One of the tweets on Twitter reveals part of the strategy of the Taiwanese Air Force through the use of F-16V and Mirage 2000. The two fighters in a joint combination forming a defensive pair “scrambled to intercept with SAM version of the TC-1 missile at daybreak.”
F-16V and Mirage 2000 as “interceptor pair”
This missile is Taiwanese short-range. However, it was used as a simulated incoming target. This means that the two fighters, the F-16V and the Mirage 2000, flew out to intercept and destroy her. Sources in Taiwan say several scenarios have been worked out.
In one of them, the missile was intercepted by a ground-based anti-aircraft defense system, which shared the information with the two fighters, which, based on this information, conditionally destroyed the target.
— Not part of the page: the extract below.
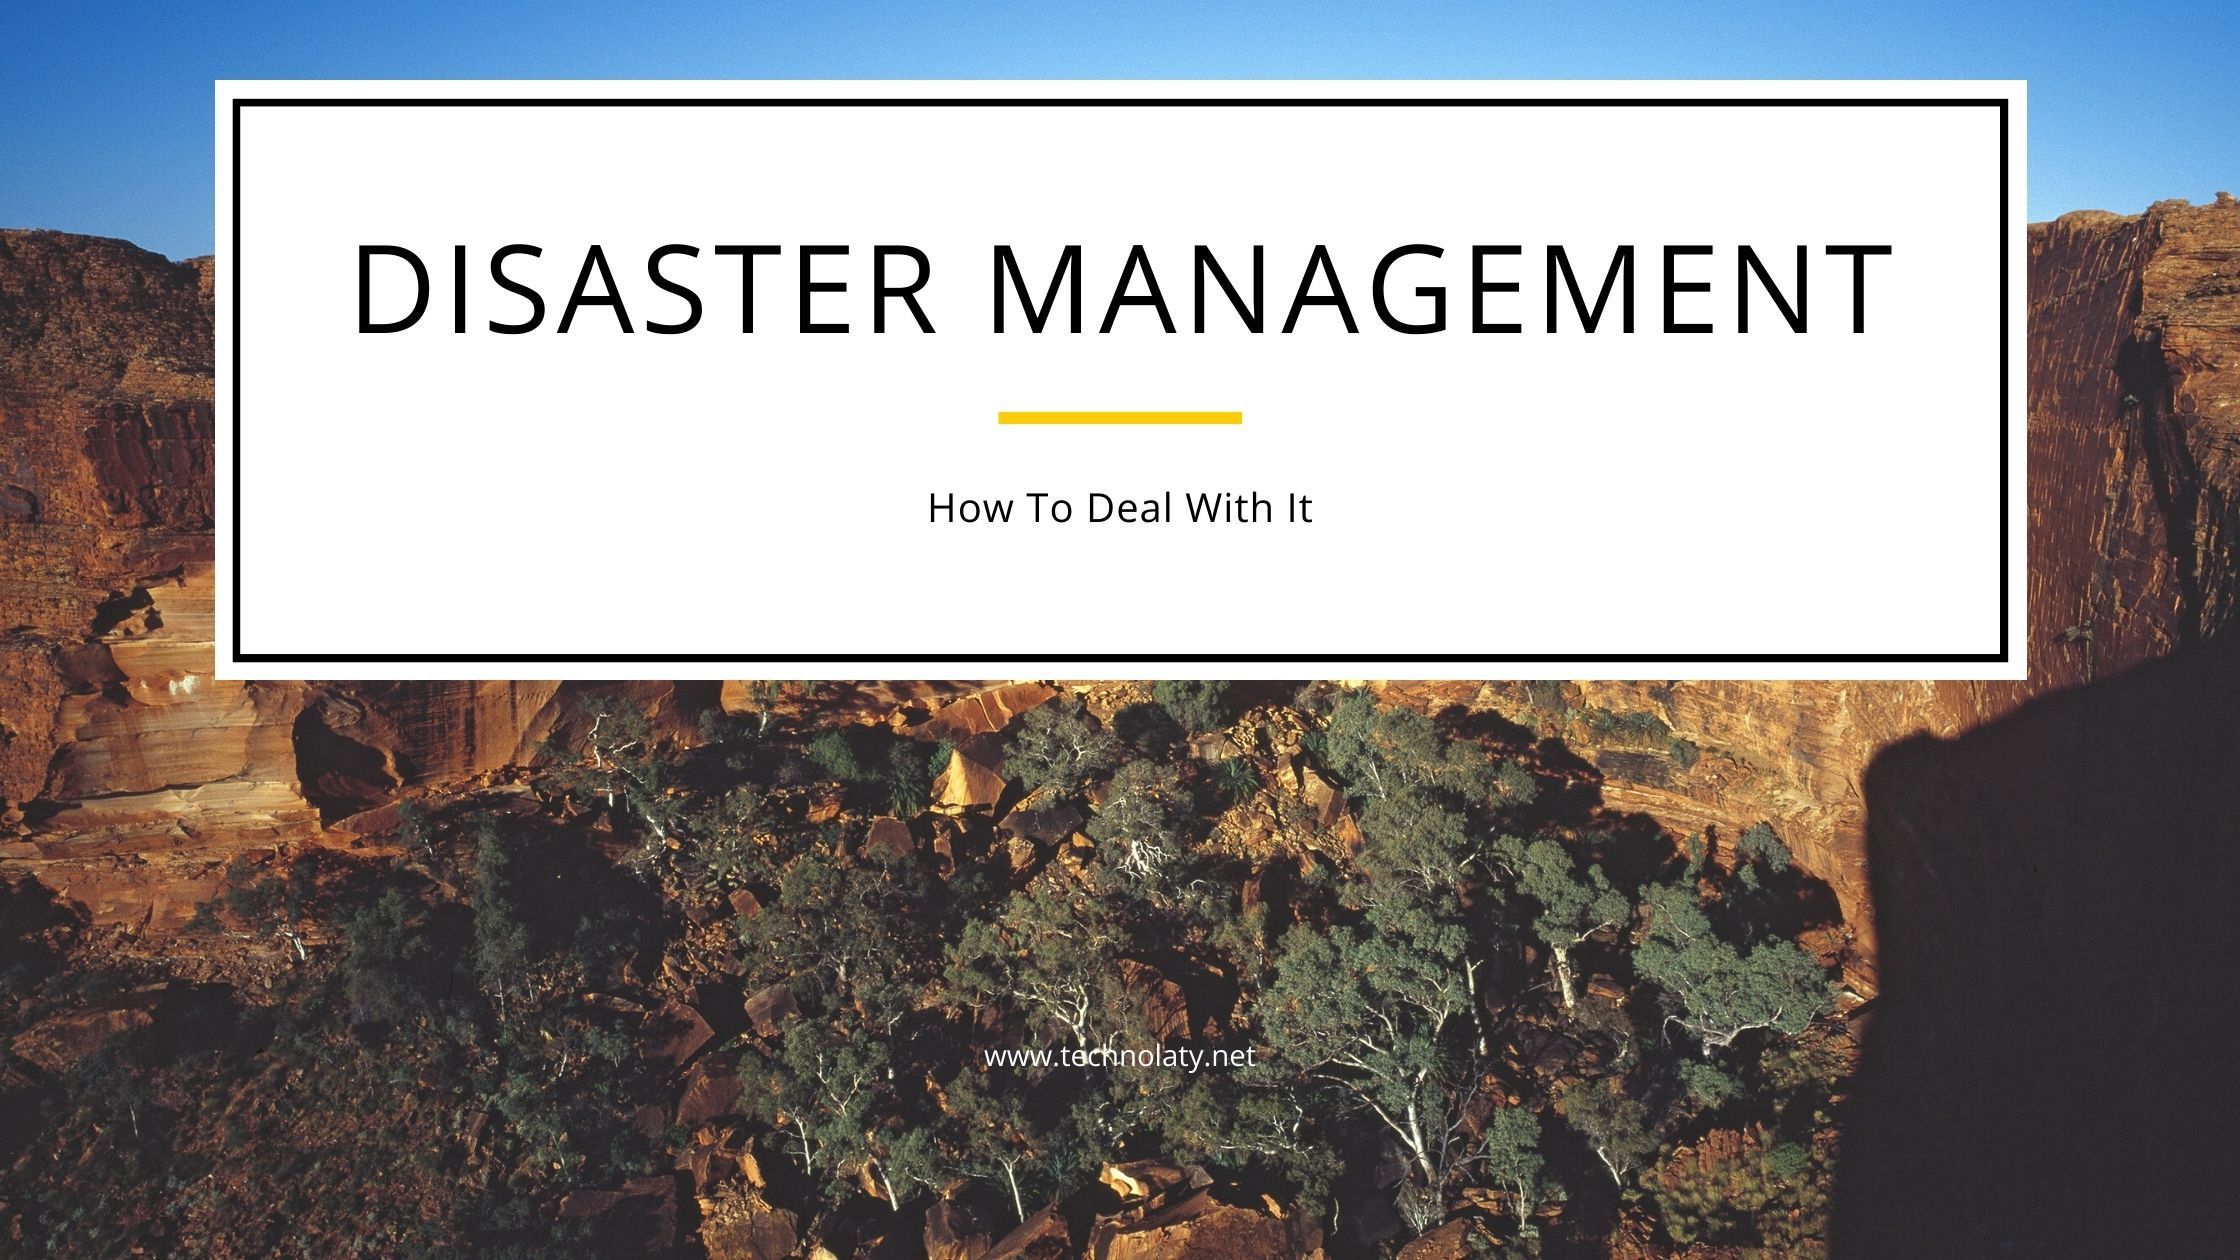 How To Deal With Disaster

The other scenario is that the pair in the air intercepted the missile themselves and conventionally destroyed the target.
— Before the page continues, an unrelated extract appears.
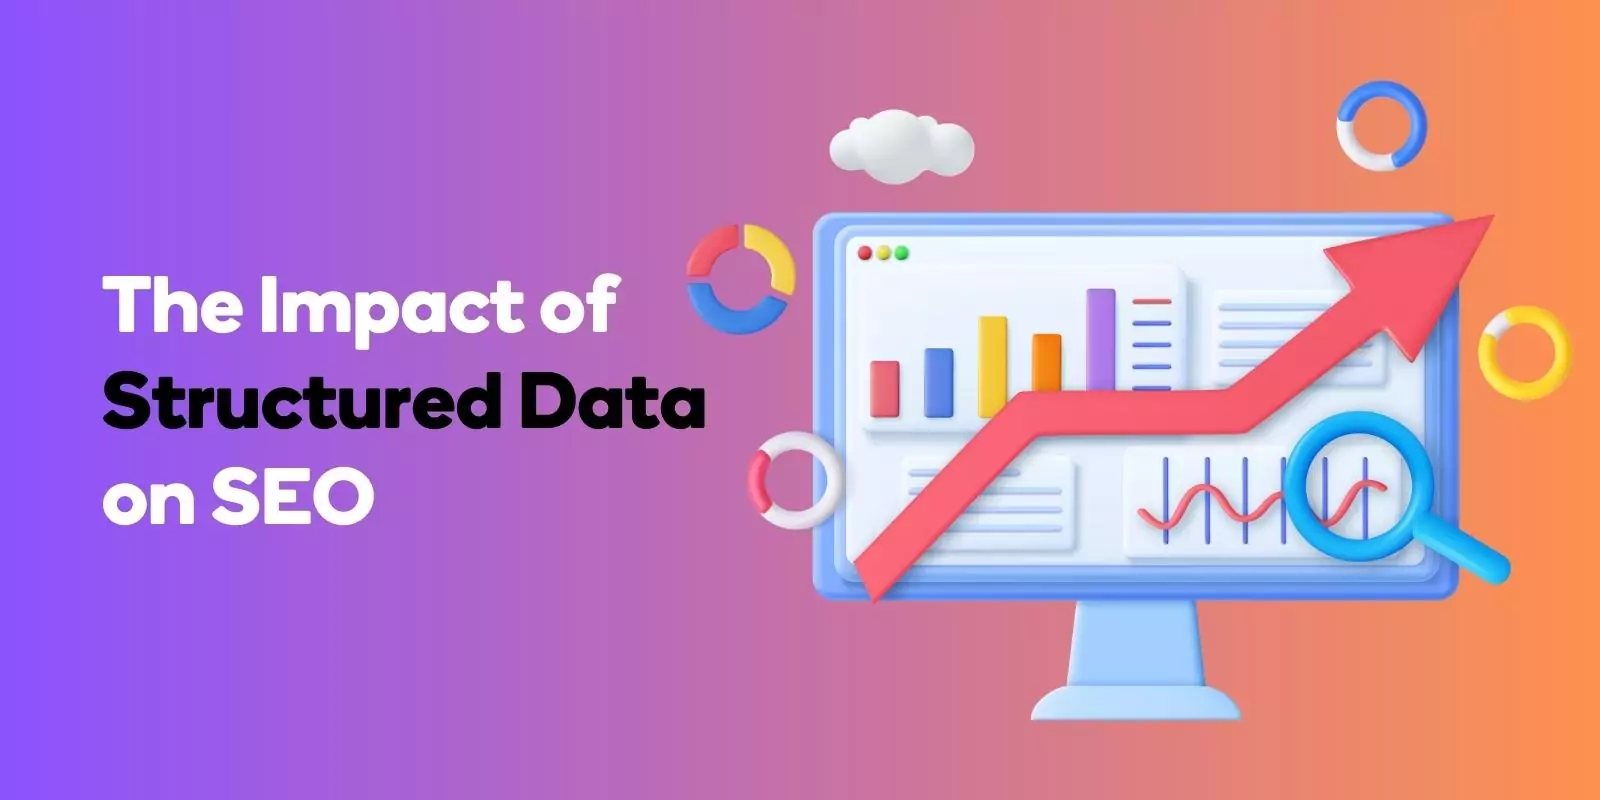 The Impact of Structured Data on SEO

The use of TC-1 can be seen as a bit of a worrying fact. Such exercises mostly use drones to simulate combat. The lack of use of drones in this scenario raises the question of whether Taiwan has any. Military experts say the use of the F-16V and Mirage 2000 is symbolic. Thus Taiwan has been able to exploit the pair’s strengths in radar detection, speed, maneuverability, and payload.
At the same time, according to Chinese sources, US military strategists participated in the exercises as observers and advisers. Their purpose was to direct the pilots of the Taiwanese Air Force to conduct air battles. However, this information is shared by Chinese bloggers. There is no confirmation that it is true.
Offense or defense?
However, Taiwan cannot attack. It can be defended, but that too is questionable. The territory of Taiwan is small and it is difficult to build a fortress structure and strategic depth on it. Currently, Taiwan actually has four destroyers and 22 frigates of three different classes. Most of the ships were launched between the 1990s and the beginning of the new millennium. They are already 20-30 years old.
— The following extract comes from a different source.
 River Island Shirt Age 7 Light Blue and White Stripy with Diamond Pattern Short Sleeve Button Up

Taiwan intended to develop its own missile frigate. BulgarianMilitary.com also wrote about these Taipei plans some time ago. But the Taiwanese encountered a problem related to destructive scanning. I.e. the local scientific institute did not develop an AESA radar, thus leaving the missile frigate facing delay and impossibility, at least for now.
Further analysis indicates that Taiwan’s other missile frigates also have gaps in their radar equipment and to function are forced to work in joint operations with the US-donated Oliver Hazard Perry-class ships as operational centers for guidance information. It is for some of these reasons that Taiwan is assumed to be defensive and not have the resources to attack.
Experts see a problem in Taiwan’s armed forces, especially its air force. However, this problem is not new to the world and is used by great powers.
Very often, Chinese aircraft enter Taiwan’s Air Defense Identification Zone [ADIZ]. This forces Taiwan to fly its fighter jets for interception and escort them outside the limits of the zone of the Chinese fighter jets. In this way, Taiwanese weapon systems, especially fighter jets, depreciate faster.
China’s objective is to put “continuous pressure on Taiwan’s armed forces… to increase the strain on military resources [and] to have a negative impact on their [operational] readiness.”
BulgarianMilitary.com recalls that Chinese pilots have two or three times more flight hours than Taiwanese pilots. This also affects the combat capability of the Taiwan Air Force.
The situation with Taiwan is comparable to that of Ukraine. As for their geographical location. Both countries have small geographical areas. This affects its own military production process, as it cannot be moved far enough away from enemy missiles.
At the same time, specifically speaking of the pair of F-16V and Mirage 2000 fighters, Taiwan remains heavily dependent on supplies from the US and France to keep them operationally ready. Taiwan’s problem is the Mirage 2000, which rolled off the production line in 2007. Thus, spare parts and maintenance will be more difficult now than they were in the past.